4. He rallies: when we asked Michael Arrington to speak at this year’s event, he agreed to do it on the spot. Then it turned out that there were no flights to get him back to Palo Alto for the all-day event TechCrunch was hosting at 9 the following morning (9 a.m. for Michael Arrington is like 4 a.m. for a normal human being). When he called to say he couldn’t make it, I must have sounded a little hurt. An hour later, he’d found one last flight into a third-tier airport. Best case, he’d get home by 1 a.m. When I told him he really didn’t have to do it, he lied and said it would be a good excuse to visit his parents; I already knew that flight would only give him a few minutes in Seattle prior to the event. He traveled six hours to spend an hour as one of eight people on a panel. What’s funny is that during the panel, Mike told the audience that the speakers all came because it was somehow in their self-interest to come. But in fact he had already made that calculation – who hasn’t said, “why on earth did I agree to do this?” – and then he came anyway.
5. He fights the baloney avalanche: Mike is one of the only people in tech to stand before a daily avalanche of baloney and shout, with real emotion and even indignation, “NO!” Of course, many other journalists silently sift through all the hoo-ha to find out what’s true. But no one else is so deeply offended by it, no one calls it out so much, no one is continually goaded by it like one of those bug-addled deer you hear about that throw themselves off a cliff.
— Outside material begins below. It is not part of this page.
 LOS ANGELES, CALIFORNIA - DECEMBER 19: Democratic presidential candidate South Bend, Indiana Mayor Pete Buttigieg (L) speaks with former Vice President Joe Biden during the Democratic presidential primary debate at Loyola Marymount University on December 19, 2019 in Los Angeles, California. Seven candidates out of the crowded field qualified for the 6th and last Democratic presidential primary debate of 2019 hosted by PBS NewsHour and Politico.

That’s exactly what I like about Michael; that he is still capable of fresh outrage — do you know how hard it is to be idealistic and cranky at the same time? — that he is fighting a lonely, almost ceaseless battle against the minor, countless lies we tell each other to get along and the seeping mediocrity that all the rest of us just sort of surrender to. When Mike waxes nostalgic about how Meebo and Sphere launched in his living room, you get the unmistakable feeling that he is protecting something small and precious — the entrepreneurs, the technology — in a near-hopeless battle against a far-more numerous enemy that nobody else even sees.
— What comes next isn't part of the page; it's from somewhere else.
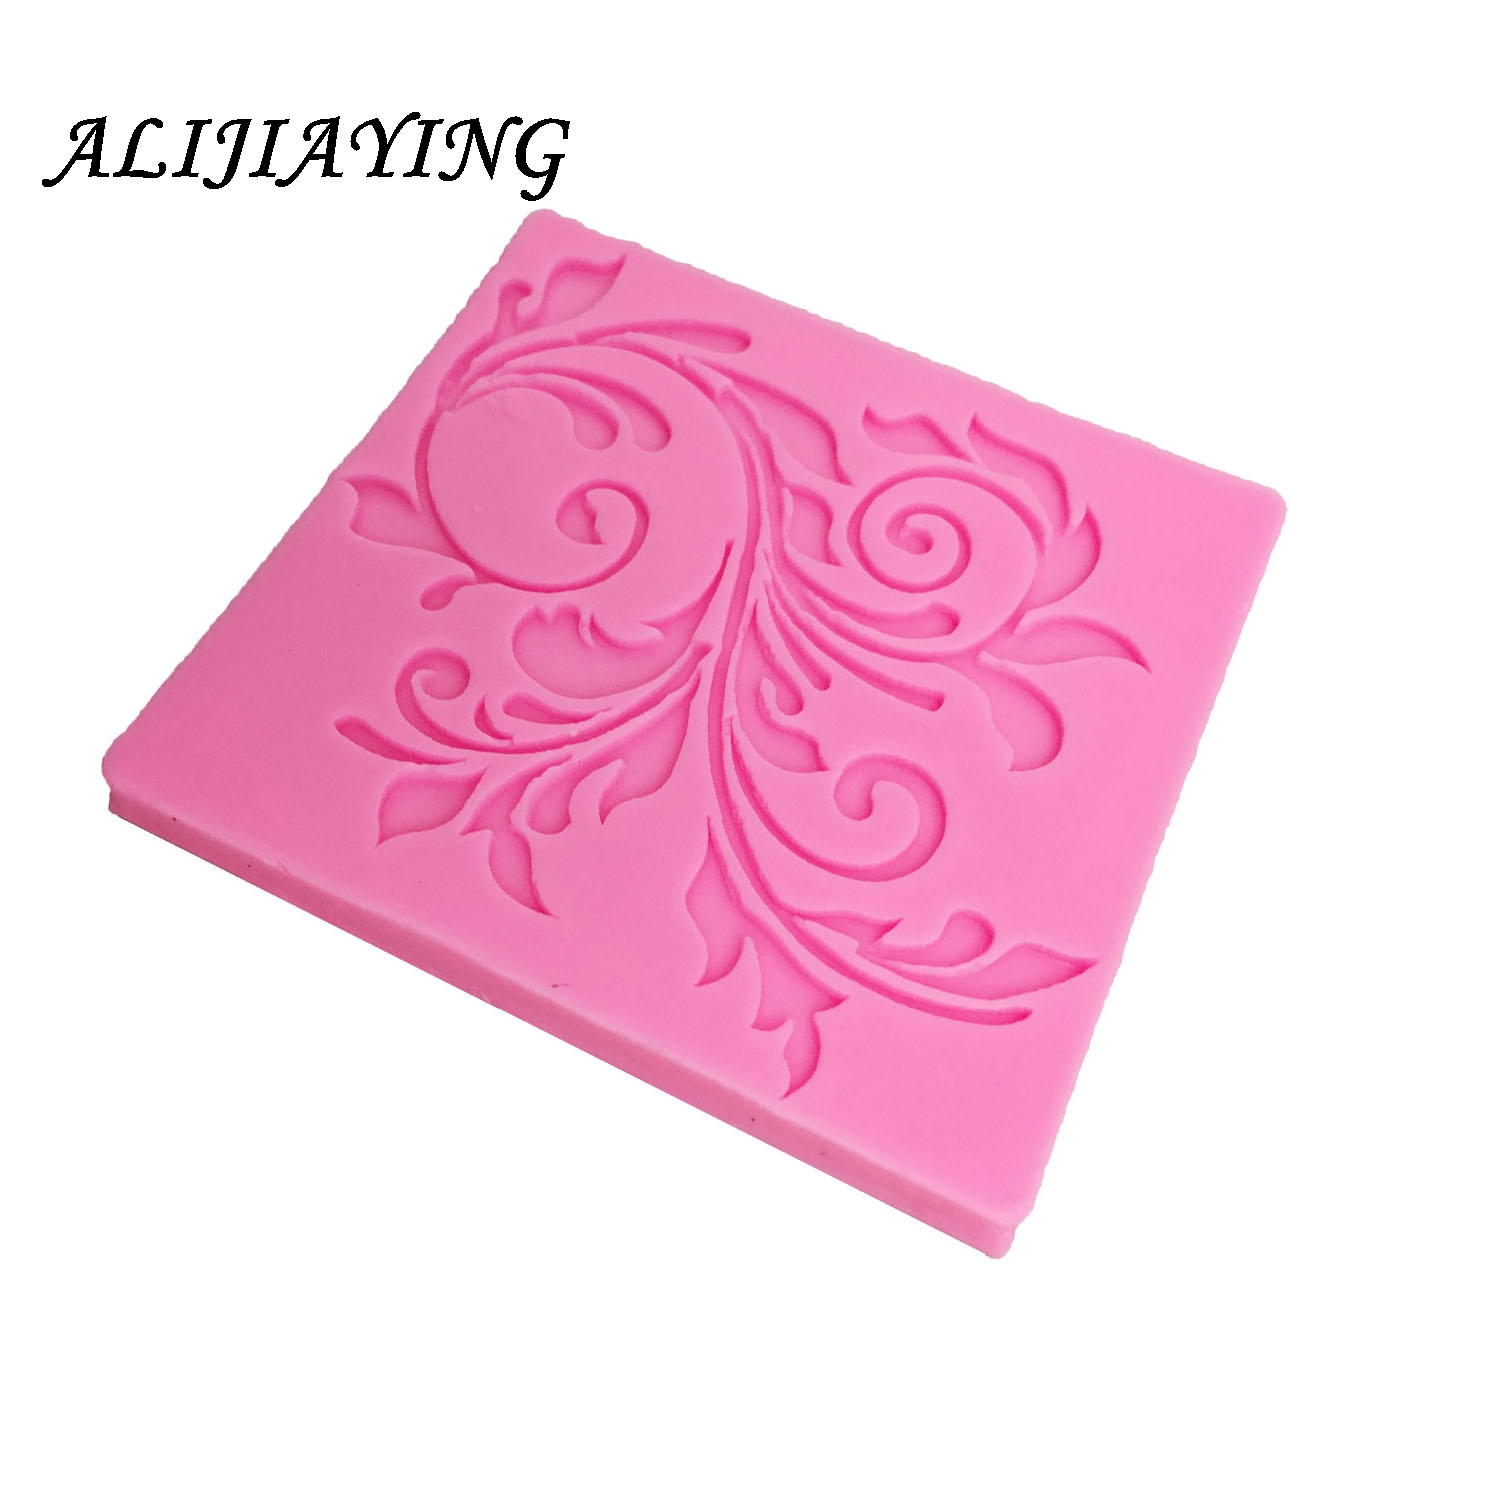 Leaf Flower Lace 3D Silicone Mold

6. We need him: do you know how boring Silicon Valley would be without Michael Arrington? I do. I remember reading eWeek and thinking I just can’t take much more of this. We can go back to those days, but I don’t think anyone – least of all Michael Arrington’s detractors – wants that. The truth is we need someone to mix it up a little; we need someone to grumble about and point at. If Michael Arrington didn’t exist, we’d have to create him. Lost in all the talk of his celebrity is that his raw writing talent is off the charts. And no one more than Mike wants our industry to be bigger and better and more fun. He has given a voice and a sense of belonging to a lot of lonely people who spend their days and nights feeling fly-by-night. Most startups get their first notice on TechCrunch, and Michael Arrington is often the first person to have taken them seriously after years of doubt and work (work is hard, and doubt is terrible, but the two together are what can really make a startup miserable). I still remember how everyone here at Redfin felt when TechCrunch first wrote about us. Ten thousand real estate agents said it would never work. And Michael Arrington said it just might.